Газеты писали, что я сместил Дона Ригана с поста руководителя аппарата Белого дома за то, что он не смог "защитить" меня от нападок во время скандала из-за "Иранконтрас", но на самом деле я не имел к нему таких претензий, и его смещение не было связано с делом "Иранконтрас". В свое время я назначил Дона министром финансов по совету бывших членов моего "кухонного кабинета" в Калифорнии, которые считали, что он необыкновенный дока в вопросах экономики. И он действительно великолепно проявил себя на посту министра финансов, сдвинув наконец с места реформу налогообложения и заручившись поддержкой Уолл-стрита относительно программы экономического оздоровления. Когда Дэвид Стокман и другие стали убеждать меня, что от этой программы нужно отказаться, Дон Риган оказался главным ее сторонником в кабинете. Но, пожалуй, я немного просчитался, назначив его преемником Джима Бейкера на посту руководителя аппарата Белого дома.
Как я уже писал, президент находится в определенной изоляции от повседневных дел своих сотрудников: некоторые считают, что президента не следует расстраивать, что он хочет знать только "хорошие новости". Многие члены администрации предпочитали рассказывать о своих заботах Нэнси — по-видимому, зная, что она мне все перескажет; а я еще задолго до избрания президентом убедился, что она наделена каким-то шестым чувством, которое помогает ей лучше понять побудительные причины поступков людей, чем это удается мне. Она была для меня как бы лишней парой ушей и глаз.
Я узнал от Нэнси, а потом мне об этом стали говорить и другие — сотрудники аппарата, министры, лидеры конгресса, — что Дон слишком много на себя берет и что подчиненным с ним трудно. Мне говорили, что он бесцеремонно обращается с людьми и это создало нездоровый климат в аппарате Белого дома. Дон, оказывается, воображал себя чем-то вроде "заместителя президента", которому дана власть принимать ответственные решения. Как я узнал позднее, он не допускал ко мне членов кабинета, которые хотели поговорить со мной один на один, и настаивал, чтобы все письма и документы, предназначавшиеся мне, были сначала представлены на ознакомление ему. Короче говоря, он делал так, чтобы доступ ко мне шел только через него, и тем самым усугублял изоляцию, которая и без того меня тяготила.

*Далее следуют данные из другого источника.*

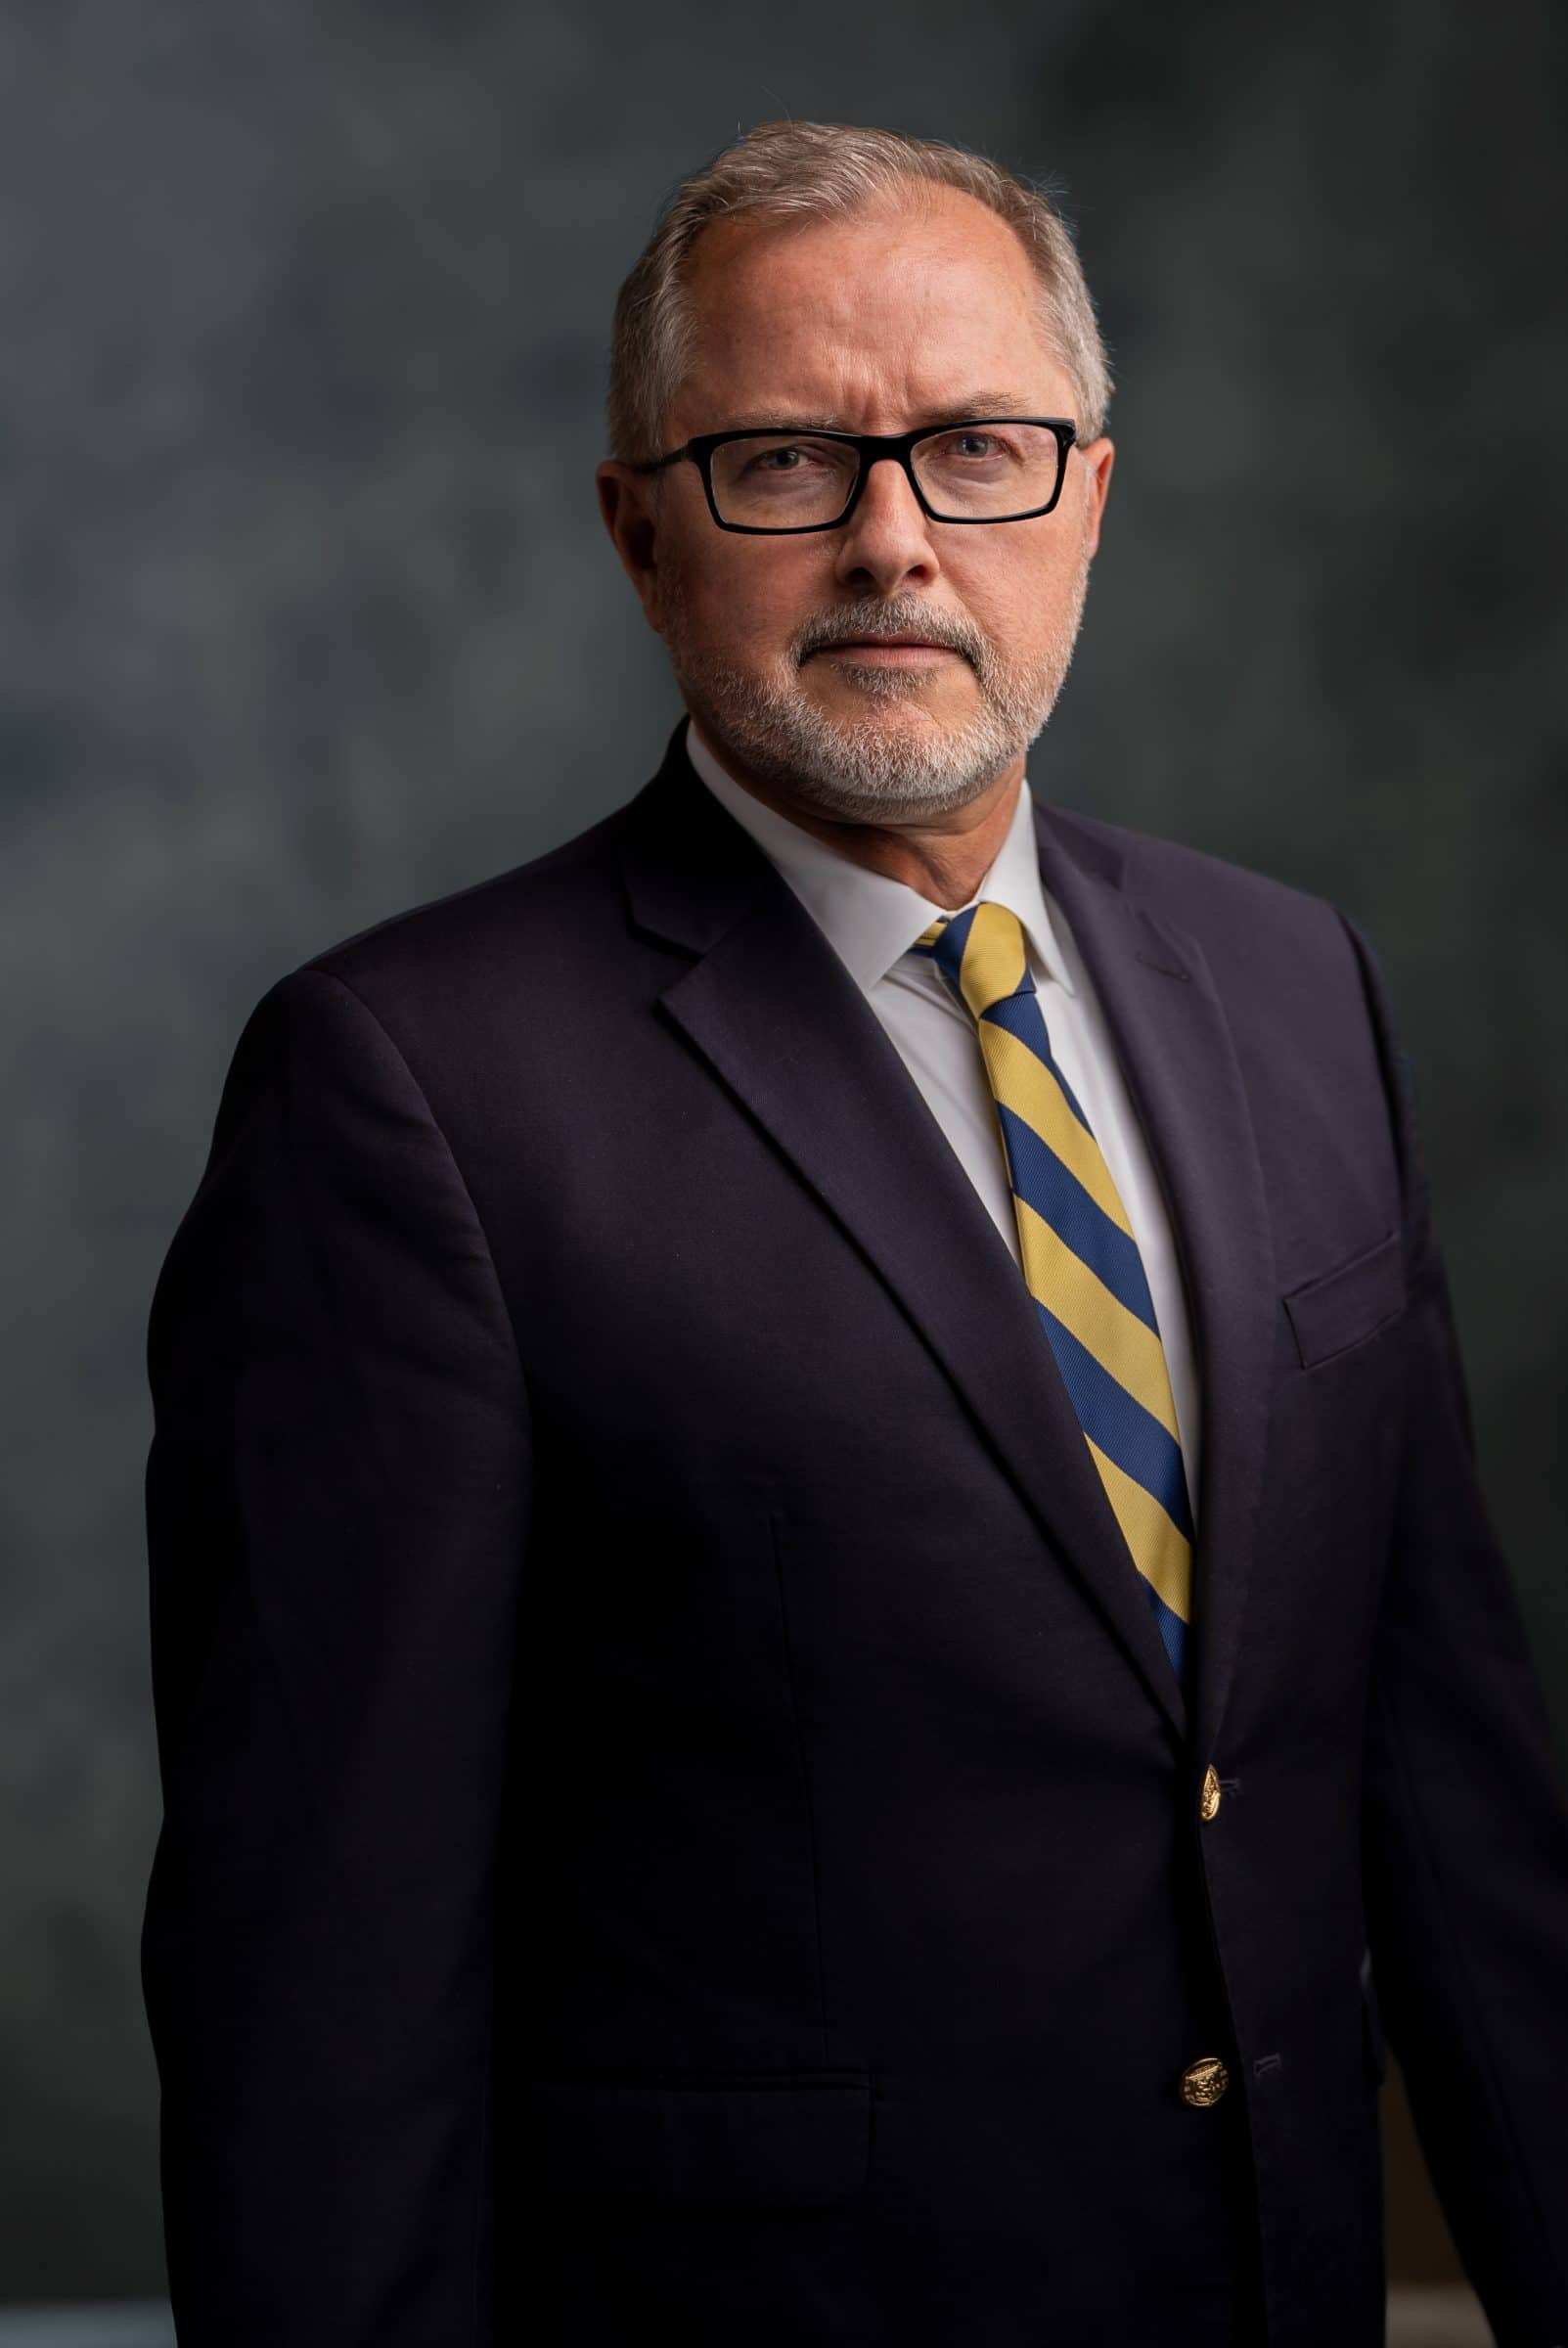 Headshot of Dean of the Honors College and an Associate Professor of English, Kevin Gustafson.
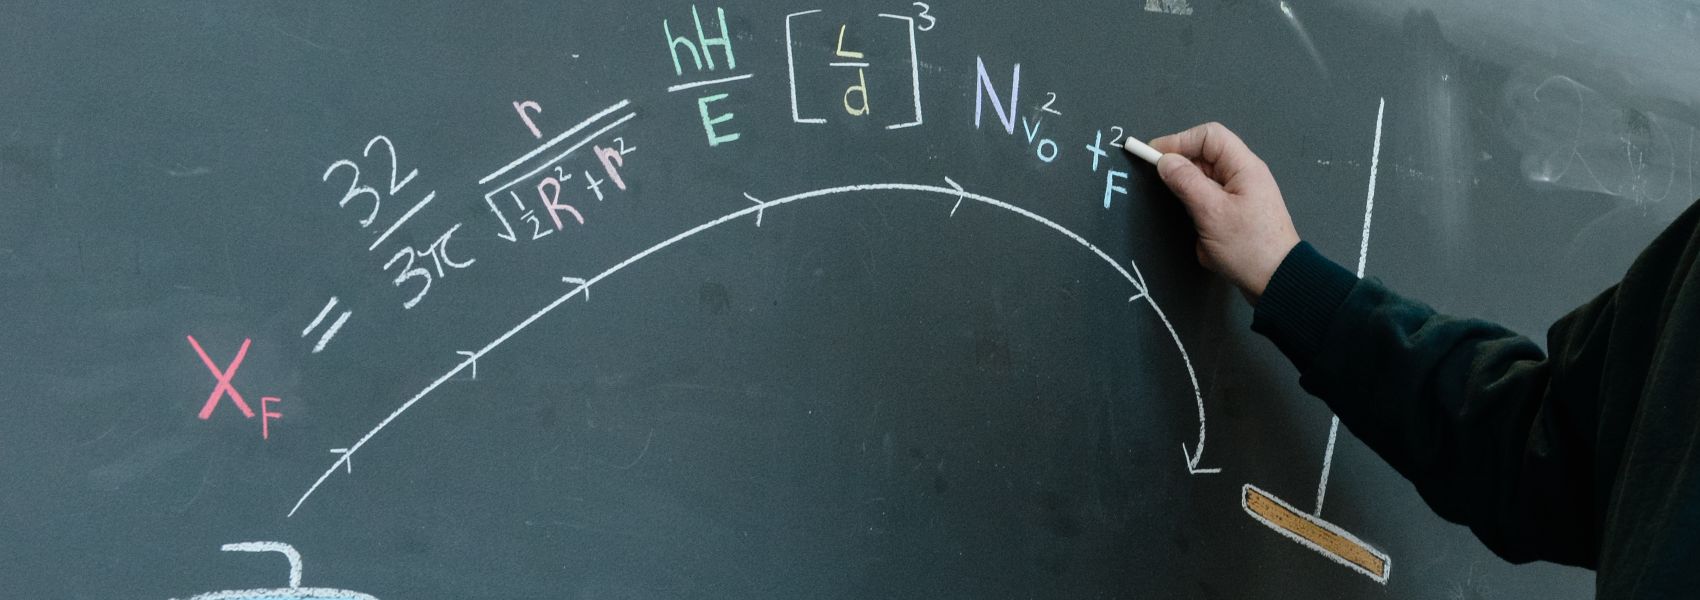 Student writing an equation on a chalkboard

Когда поднялся шум из-за дела "Иранконтрас", Нэнси, верная защитница моих интересов, первая заговорила о том, что его надо сместить, хотя, повторяю, я не считал, что он это заслужил. Но климат в аппарате — это очень важно, и я решил выяснить, насколько справедливы упреки в адрес Дона Ригана. К тому же после моей январской операции возникли новые проблемы.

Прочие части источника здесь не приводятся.